───── Data shown
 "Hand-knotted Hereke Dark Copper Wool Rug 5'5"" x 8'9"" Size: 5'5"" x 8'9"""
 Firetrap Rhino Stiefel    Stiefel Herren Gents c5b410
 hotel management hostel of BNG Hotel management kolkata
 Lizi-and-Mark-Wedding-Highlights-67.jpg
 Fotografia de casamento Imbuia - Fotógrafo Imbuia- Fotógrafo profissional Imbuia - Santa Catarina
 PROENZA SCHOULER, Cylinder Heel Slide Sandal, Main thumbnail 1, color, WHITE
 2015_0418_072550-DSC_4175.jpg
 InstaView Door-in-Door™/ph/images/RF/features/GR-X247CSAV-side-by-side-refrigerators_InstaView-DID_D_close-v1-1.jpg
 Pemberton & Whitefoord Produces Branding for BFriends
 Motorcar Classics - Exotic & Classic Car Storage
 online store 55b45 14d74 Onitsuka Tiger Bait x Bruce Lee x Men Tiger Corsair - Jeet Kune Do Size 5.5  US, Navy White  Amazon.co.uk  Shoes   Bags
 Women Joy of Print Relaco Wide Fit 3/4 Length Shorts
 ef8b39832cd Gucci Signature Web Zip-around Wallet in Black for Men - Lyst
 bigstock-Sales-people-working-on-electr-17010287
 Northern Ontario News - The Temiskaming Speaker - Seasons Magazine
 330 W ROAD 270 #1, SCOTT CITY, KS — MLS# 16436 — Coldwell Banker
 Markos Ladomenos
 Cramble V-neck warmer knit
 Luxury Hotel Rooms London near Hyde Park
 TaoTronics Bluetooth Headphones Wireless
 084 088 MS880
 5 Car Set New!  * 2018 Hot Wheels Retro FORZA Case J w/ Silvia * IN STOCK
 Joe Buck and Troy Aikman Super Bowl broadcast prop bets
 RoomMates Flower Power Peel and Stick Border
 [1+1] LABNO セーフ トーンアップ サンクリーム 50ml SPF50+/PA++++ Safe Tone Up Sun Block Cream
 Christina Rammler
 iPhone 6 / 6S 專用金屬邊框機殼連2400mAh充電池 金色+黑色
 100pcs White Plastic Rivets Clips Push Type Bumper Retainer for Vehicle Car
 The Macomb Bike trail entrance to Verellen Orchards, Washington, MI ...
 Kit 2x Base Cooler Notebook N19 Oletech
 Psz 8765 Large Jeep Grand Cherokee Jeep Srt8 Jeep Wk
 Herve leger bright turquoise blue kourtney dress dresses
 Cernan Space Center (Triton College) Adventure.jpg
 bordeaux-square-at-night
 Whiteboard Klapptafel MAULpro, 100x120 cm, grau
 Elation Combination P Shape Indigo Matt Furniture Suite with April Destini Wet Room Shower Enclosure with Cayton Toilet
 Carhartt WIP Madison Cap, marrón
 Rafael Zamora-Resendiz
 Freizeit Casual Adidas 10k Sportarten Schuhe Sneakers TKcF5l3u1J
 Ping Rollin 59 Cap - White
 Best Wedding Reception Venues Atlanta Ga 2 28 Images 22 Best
──────────
Exercise instructions -
Please copy the lines in the records above between the one holding "Psz 8765 Large" and the one holding "Whiteboard Klapptafel MAULpro, 100x120", inclusive, exactly and with no other line.

Written solution -
 Psz 8765 Large Jeep Grand Cherokee Jeep Srt8 Jeep Wk
 Herve leger bright turquoise blue kourtney dress dresses
 Cernan Space Center (Triton College) Adventure.jpg
 bordeaux-square-at-night
 Whiteboard Klapptafel MAULpro, 100x120 cm, grau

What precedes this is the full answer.